Lo scrittore mette subito in chiaro attraverso un magistrale non-detto quella che sarà poi la vera condanna di K.: condannato a essere condannato. Il giovane procuratore di banca vuole a tutti costi conoscere le cause della sua condizione, il suo inizia a essere un vero e proprio tormento, è angosciato, sul lavoro rende meno ed è sempre più coinvolto nell’assurdo turbinìo del suo caso. Nelle mansarde calde e pesanti del tribunale più volte gli viene spiegato che la cosa fondamentale in un processo come il suo è quello di mostrarsi sempre preparato, mai fuori posto poiché ai giudici nulla sfugge – è questa l’inafferrabilità della Legge, quel che realmente conta è il processo e non la sentenza.
L’esistenza di K. è perciò dunque irrimediabilmente corrotta e mutata, ogni interesse è frivolo poiché ciò che desidera ardentemente è essere assolto. Molte persone si prestano in suo soccorso, tutte però in maniera distante e restìa. Accusato di crimini che non ha commesso e che tuttavia non esistono, viene naturale allora chiedersi come possa preoccuparsi un individuo che ha commesso un crimine inesistente. Ecco che il processo, da status diventa ragione: K. vive per il suo processo, vive per sapere e per risolvere; la narrazione si adegua a questa condizione e diventa asfissiante, in molti passaggi sembra di essere realmente nelle basse mansarde del tribunale o schiacciati sotto lo spleen di una città cupa e smorta che potrebbe essere uscita dal pennello di De Chirico.
Quando così in preda al valzer dei tentativi K. inizia a sperimentare anche i consigli più assurdi, come le alternative che propone il pittore, o gli insegnamenti del sacerdote che incontra nel duomo, al capitolo nono, ecco che tutto appare chiaro. Il sacerdote racconta una storia dal sapore allegorico sull’inafferrabilità della Legge, e solo allora K. scopra che «la menzogna diventa l’ordinatrice dell’universo».

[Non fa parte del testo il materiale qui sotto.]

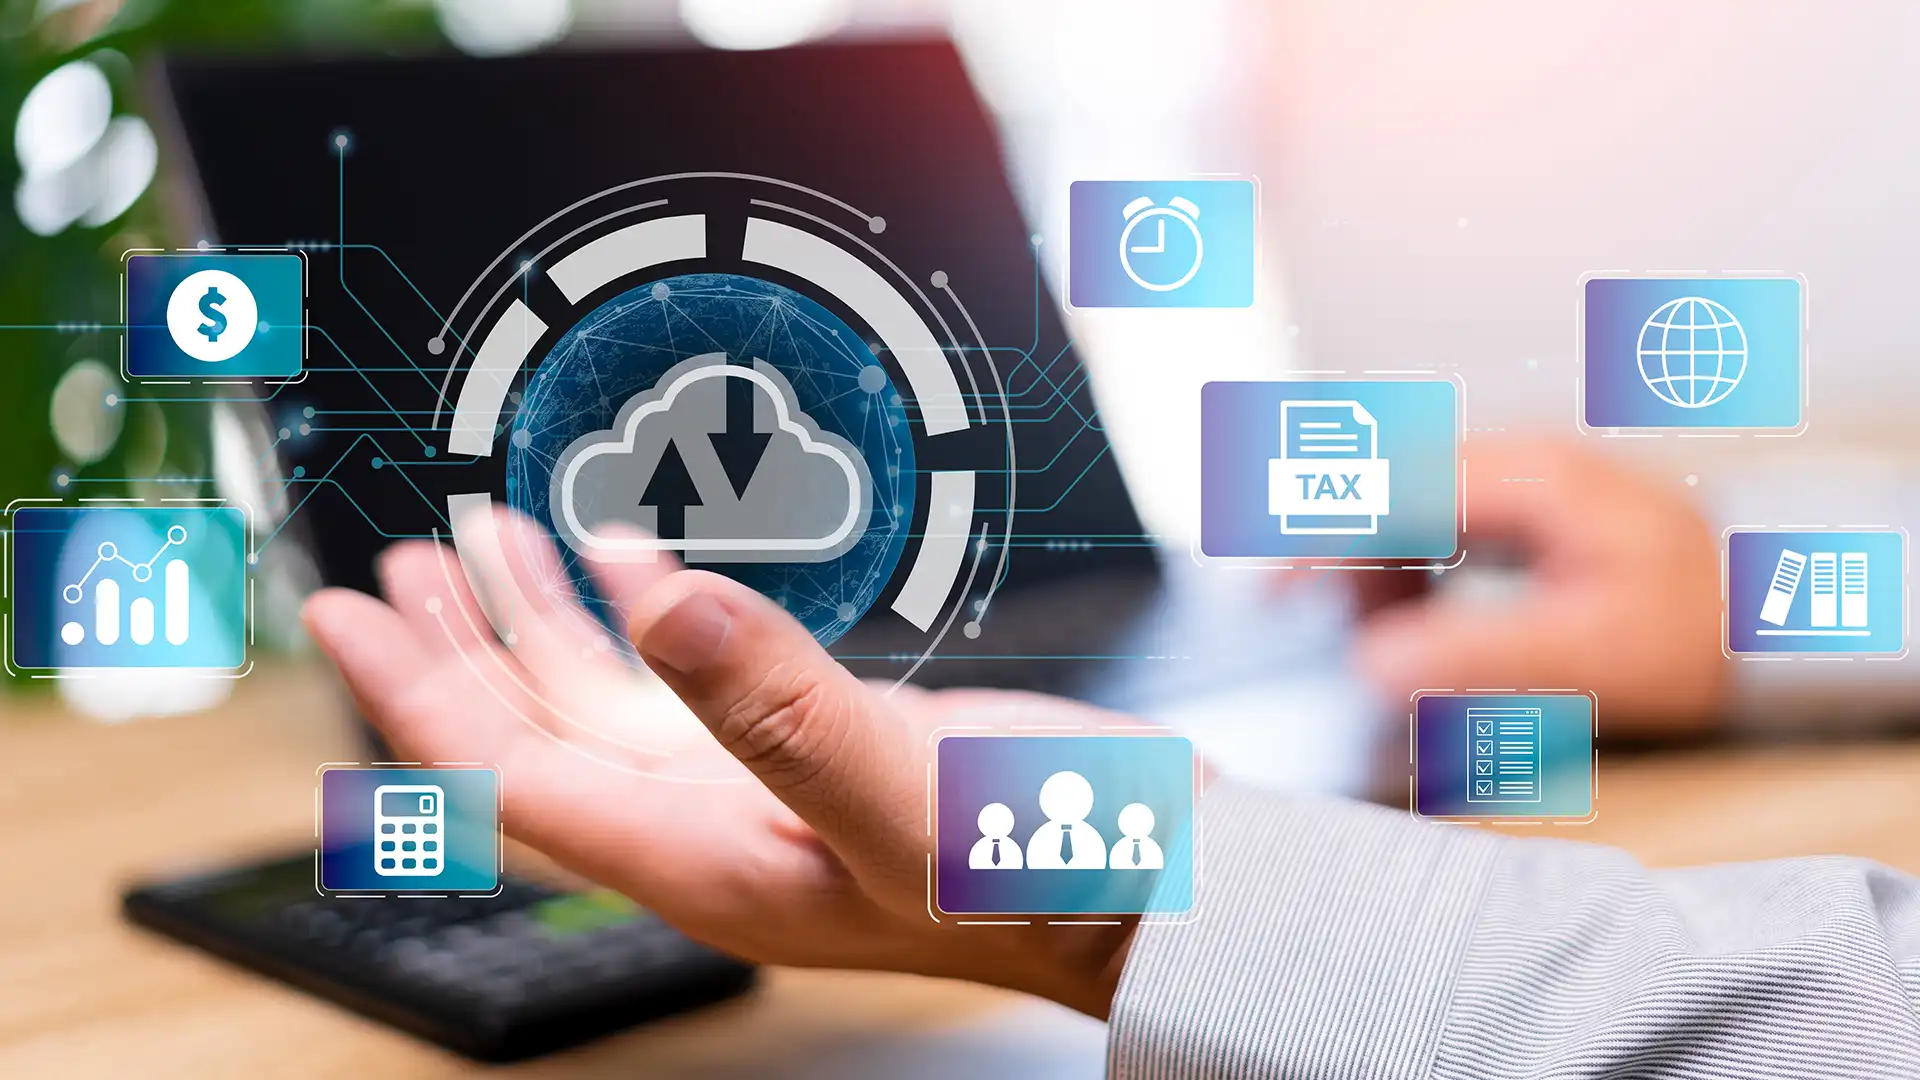 Business professional interacting with a futuristic digital interface showcasing cloud expense management icons, including cloud storage, financial analytics, and data security, highlighting Prudent's innovative solutions for managing cloud costs efficiently

Alla vigilia del suo trentunesimo compleanno, tutto pare compiuto, K. non si scompone e accetta il suo destino, è consapevole della sua condizione alla mercé della Legge. La narrazione cambia, lo stile di Kafka muta a favore di una narrazione più scorrevole e meno artefatta poiché, essendo quest’ultima lo specchio della psicologia del protagonista, ora non ha più motivo di essere angosciosa. Anche l’ambientazione è diversa, nel cielo è appesa una grande luna, l’aria è calma… fin troppo piatta. Che K. abbia trovato la serenità nella sua rassegnazione non ci è dato saperlo, eppure l’ultimo passaggio, a conclusione del libro, lascia aperto quello spiraglio shakespeariano in cui, sulla scena vuota, sulla pagina bianca è lo spettatore a completare l’opera.
Dov’era il giudice, che lui non aveva mai visto? Dov’era l’Alta Corte, davanti a cui non era mai giunto? Levò le mani allargando le dita.
Ma sulla gola di K. si posarono le mani di uno dei due signori, mentre l’altro spingeva il coltello in fondo al cuore rigirandolo due volte. Con gli occhi ormai spenti K. vide ancora come i signori, guancia a guancia davanti al suo volto, spiavano l’attimo risolutivo. – Come un cane! – disse, e fu come se la vergogna gli dovesse sopravvivere.